• Given data:
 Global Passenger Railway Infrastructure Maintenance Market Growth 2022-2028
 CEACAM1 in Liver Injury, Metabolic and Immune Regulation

...

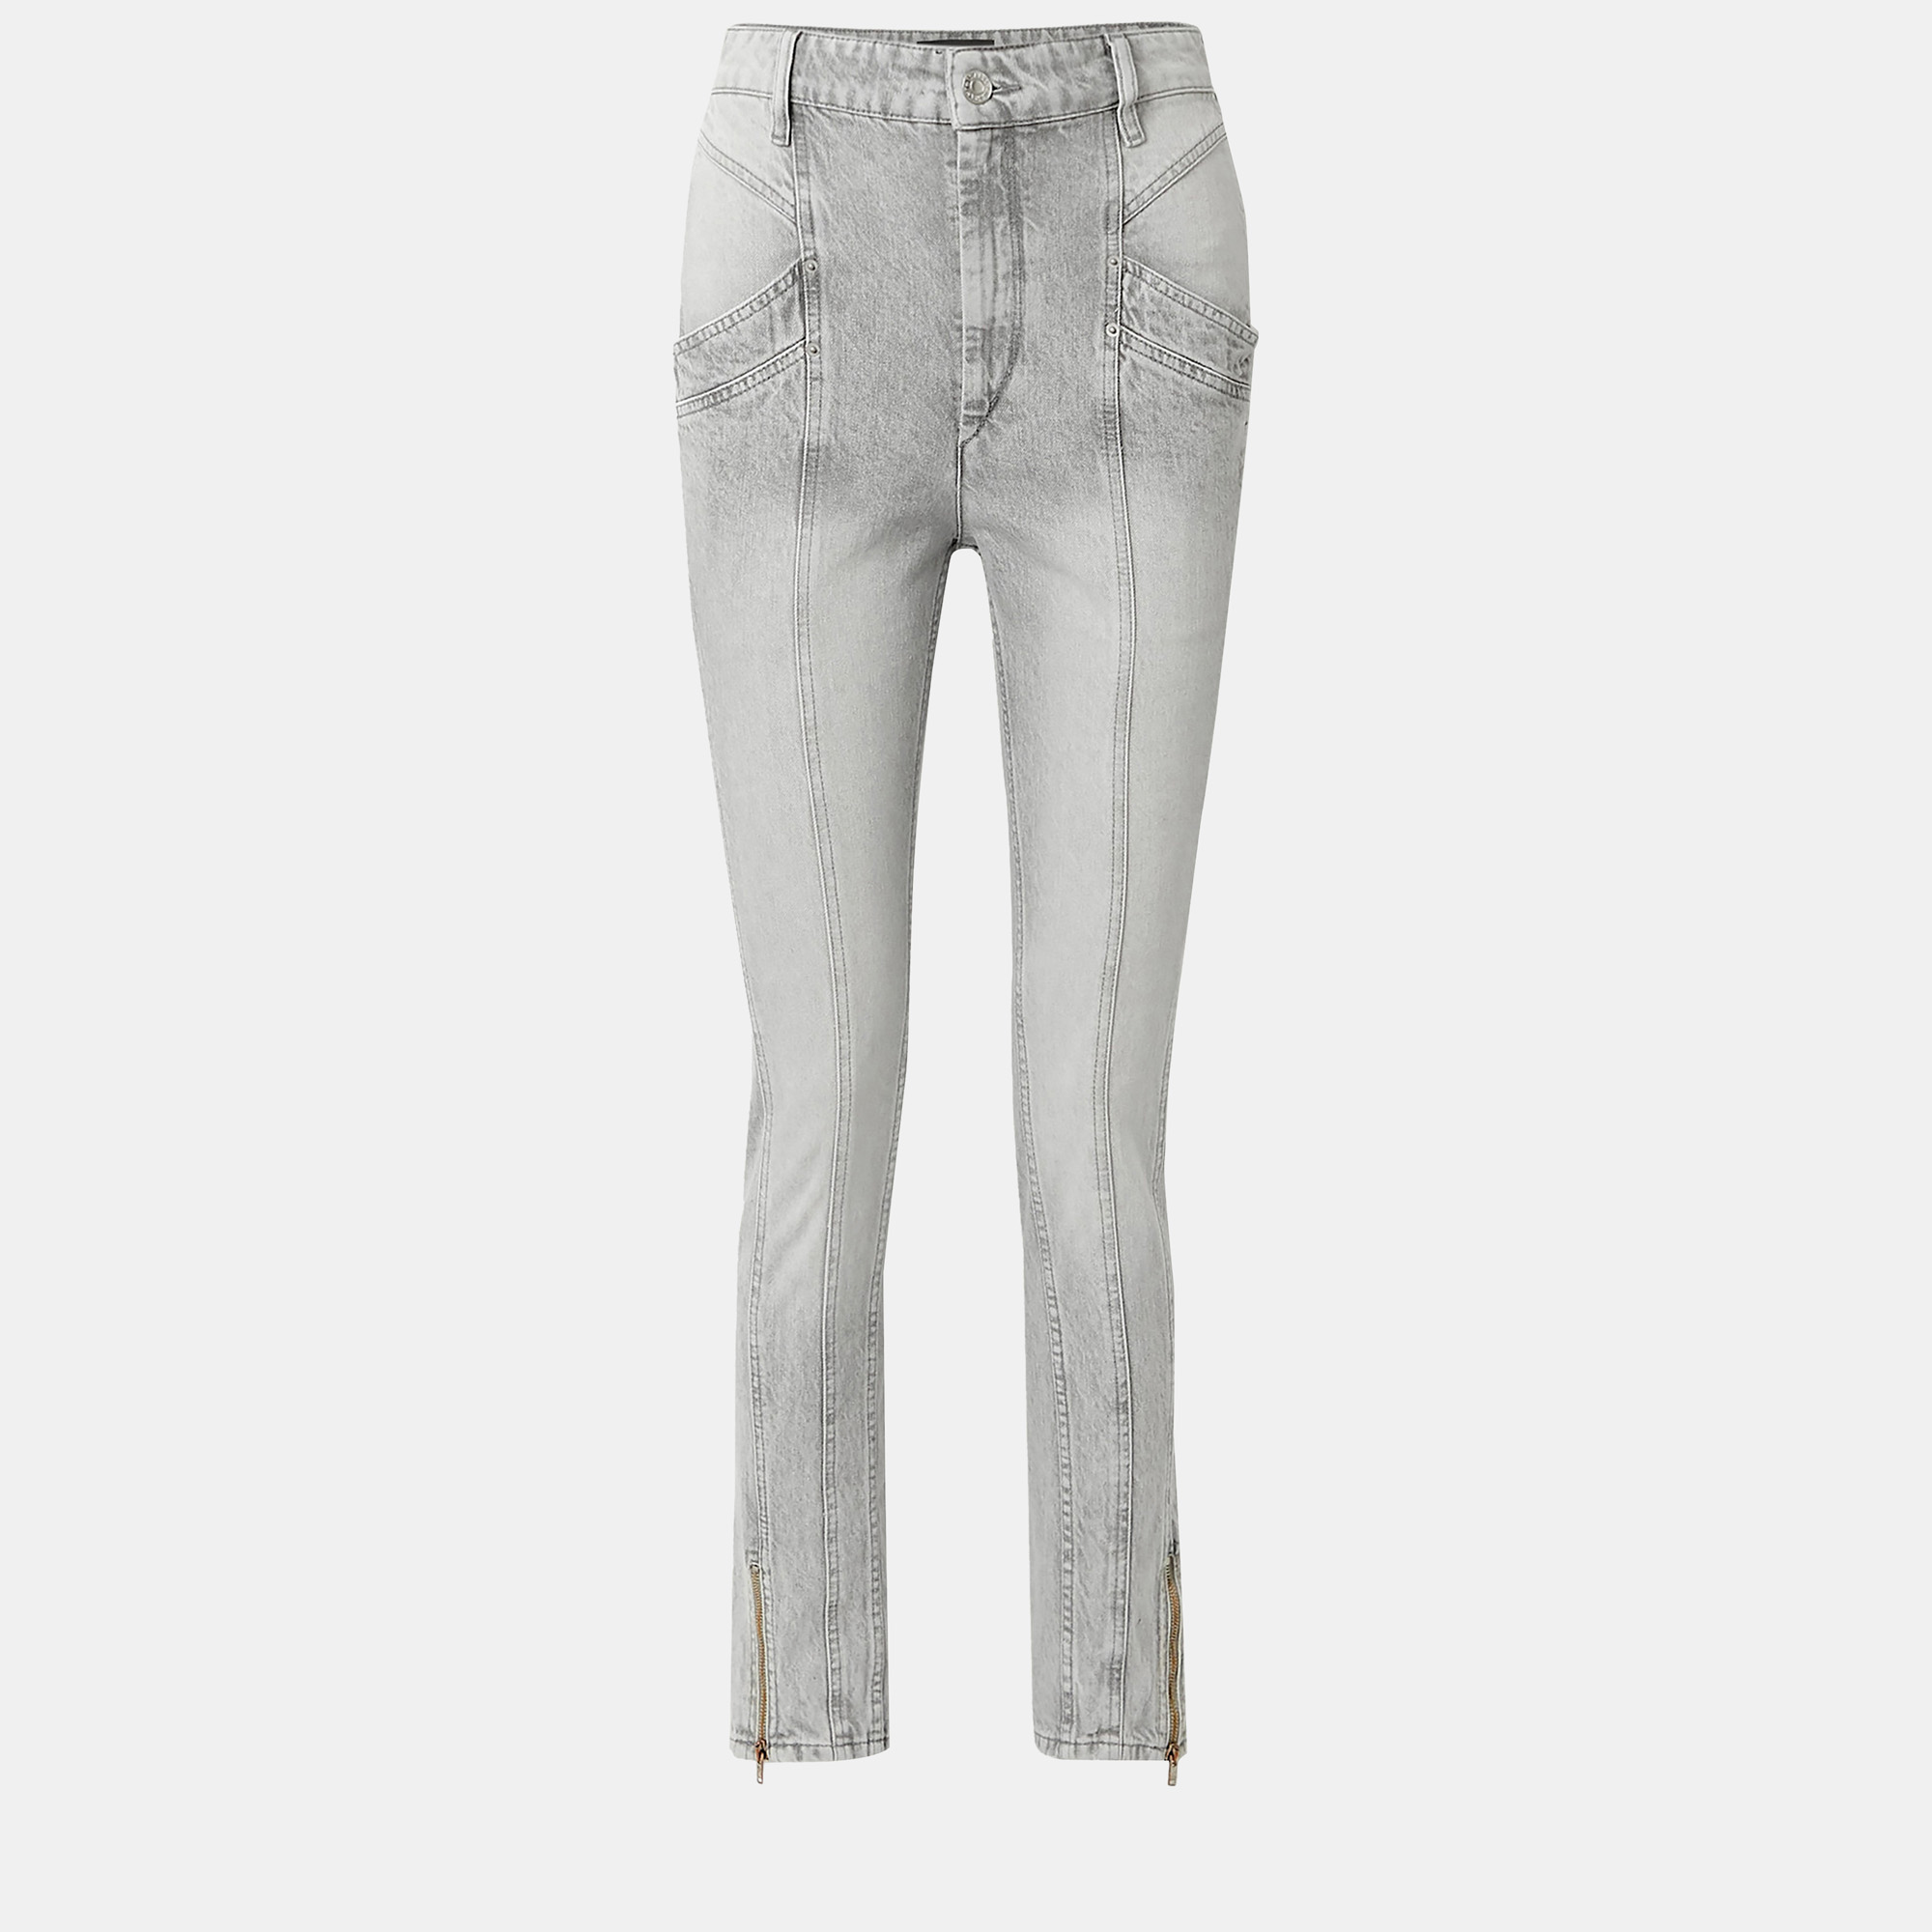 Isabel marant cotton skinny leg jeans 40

* * *

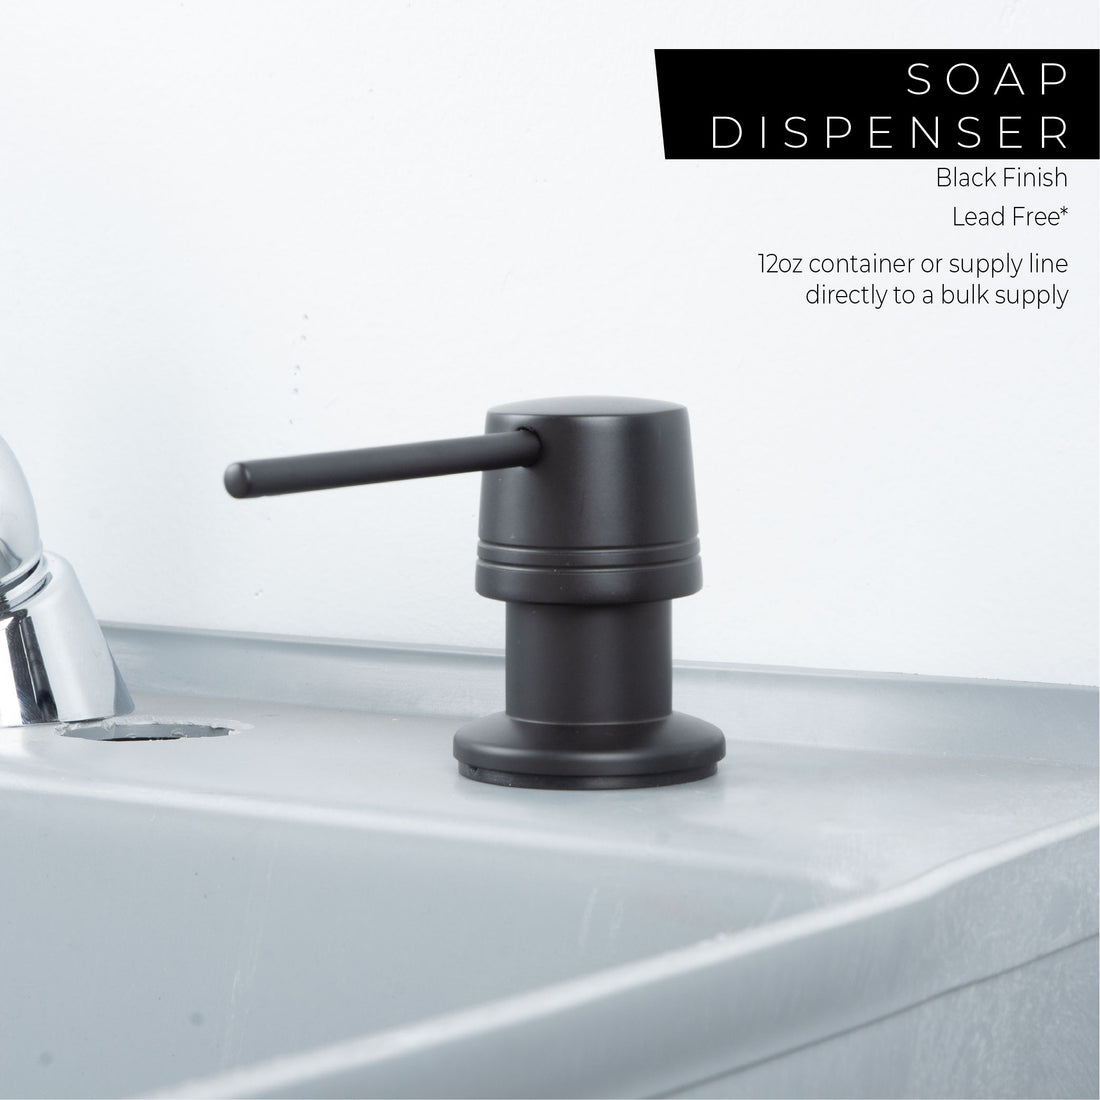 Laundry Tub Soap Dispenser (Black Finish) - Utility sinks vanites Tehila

• About this exercise: Beginning with the line containing "Global Passenger Railway" in the material above, copy every line exactly until you have copied the line containing "CEACAM1 in Liver".

• Exercise result:
 Global Passenger Railway Infrastructure Maintenance Market Growth 2022-2028
 CEACAM1 in Liver Injury, Metabolic and Immune Regulation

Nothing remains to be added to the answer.